PEOPLE may die from infectious disease not because the infection is particularly virulent, but because their own genes have marked them down.

According to Dr Bill McGuire, of the Institute of Molecular Medicine in Oxford, children living in The Gambia, West Africa, who have inherited a particular combination of genes from their parents are seven times more likely to die after infection with malaria than children with different genes. Paradoxically, the 'risky' genes are responsible for producing higher levels of a molecule which normally stimulates the immune system's defences against infection.

Susceptibility to tuberculosis and leprosy may also be influenced in the same way, Dr McGuire said. Following publication of the malaria study in today's issue of the scientific journal Nature, the researchers will now be tracking the genetic response to these diseases.

Almost 2 million people die each year from malaria, usually from the severest form which affects the brain and is known as cerebral malaria. About half a million children die of cerebral malaria each year in Africa alone.

The team of researchers, led by Dr Dominic Kwiatkowski also of the institute, conducted a case- controlled study in the late 1980s of more than 1,000 children in The Gambia, where the UK's Medical Research Council runs an internationally renowned laboratory. Dr McGuire said: 'Most children in The Gambia suffer malaria infection at some time in the year, but only a small fraction of them die. The most common fatal complication is cerebral malaria.'

When the malaria parasites invade the body, they trigger the infected person to make molecules which activate the immune system but which also cause many of the symptoms of infection such as aches and fever. Particularly important in malaria is Tumor Necrosis Factor (TNF) which helps fight the infection by causing the high temperatures - the raging fevers familiarly associated with malaria. These high temperatures damage the parasites.

But according to Dr McGuire, TNF also makes the inner lining of the blood vessels sticky to blood cells laden with malaria parasites. In cerebral malaria, the blood supply to the brain may be choked off because the blood vessels supplying the brain get congested.

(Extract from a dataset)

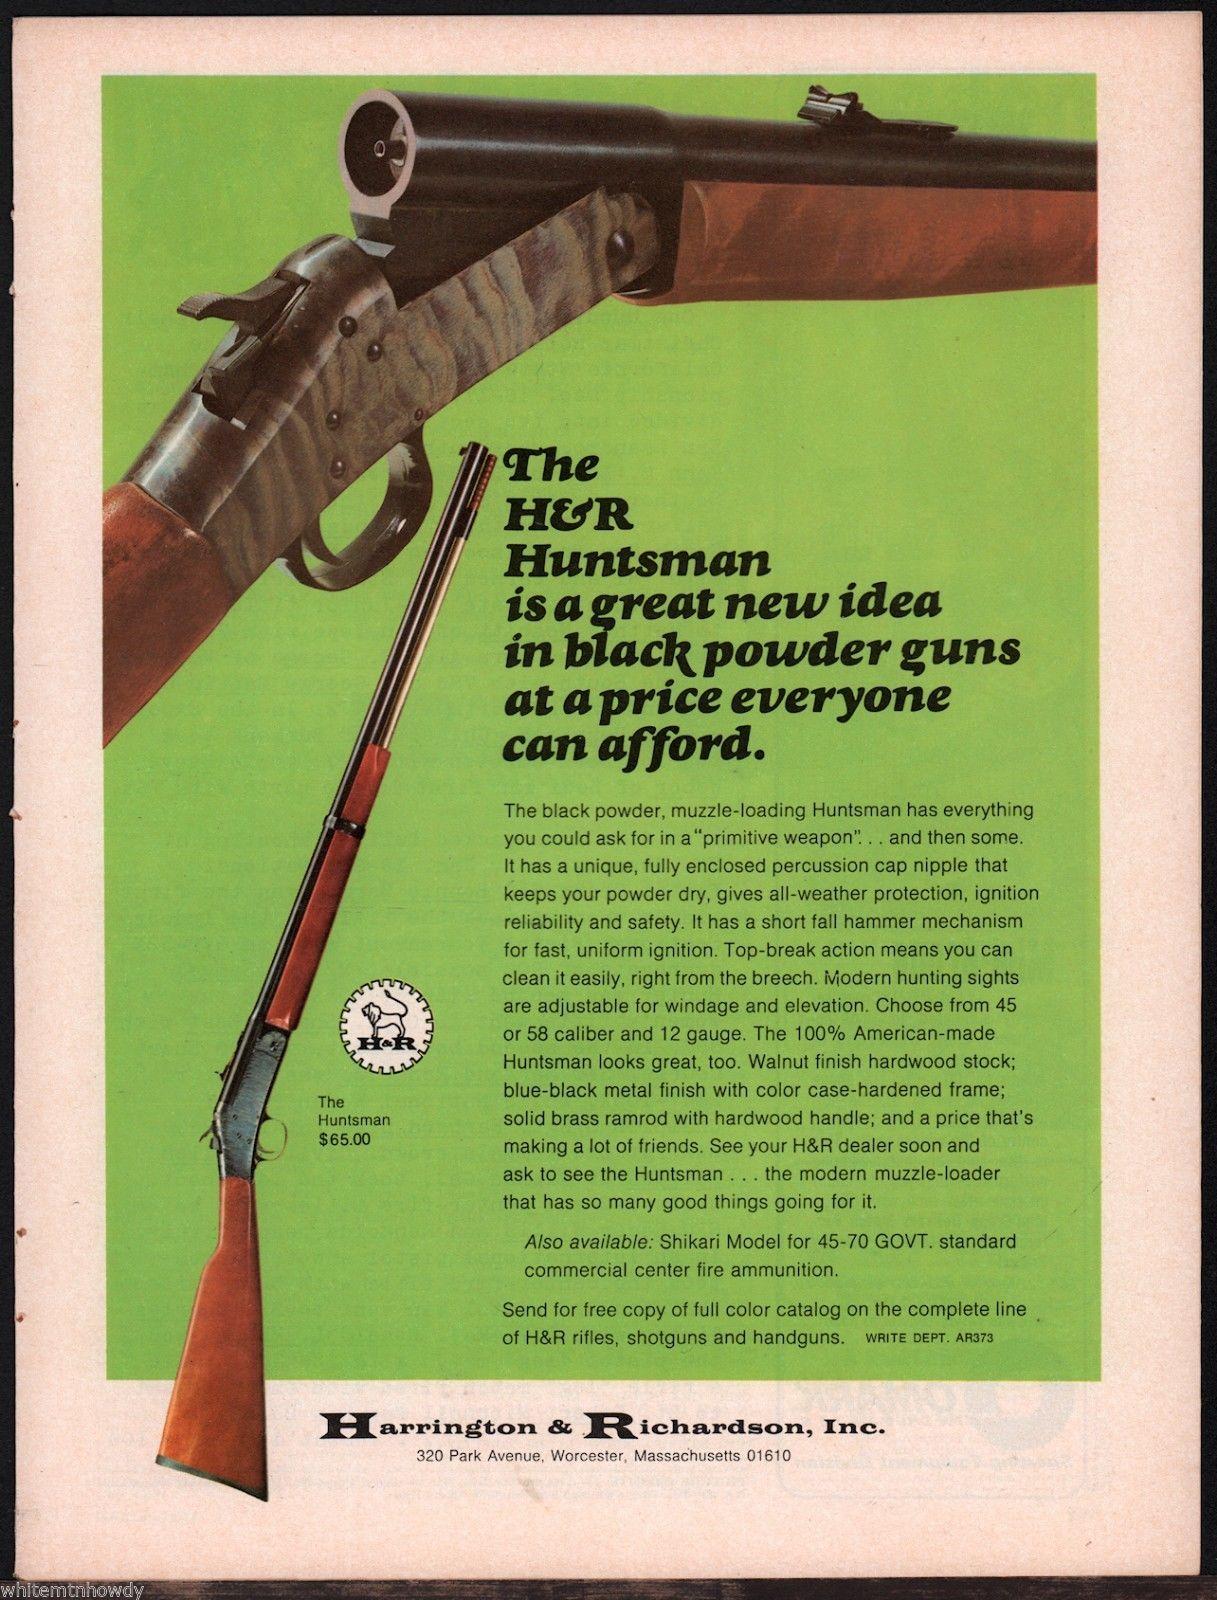 1973 Harrington Richardson Huntsman Ad Other Collectibles At Gunbroker Com Black Powder Guns Guns Print Ads

Last year, researchers in Sheffield announced that they had discovered two different variants of the gene responsible for producing TNF. One variant could lead to excessive production of TNF. This sent Dr Kwiatkowski and his colleagues back to their deep freezes where they had stored DNA, taken in the form of blood samples from Gambian children.

The reseachers found that a child who inherited two copies of the high-production variant - one each from their mother and father - was seven times more likely to develop cerebral malaria than those who had inherited just one copy or none at all.

'Normally, the TNF response is a good thing, to activate the immune system,' Dr McGuire said. However, having an overactive immune system may be a bad thing. 'TNF probably contributes to fevers and the bodily wasting in tuberculosis,' he continued, and the way in which an infected person responds to TB may determine whether the illness is slight or severe and chronic.

However, Dr McGuire said that the gene is widespread in the Gambian population which suggests that it may confer other, as yet unknown advantages, in combating other diseases.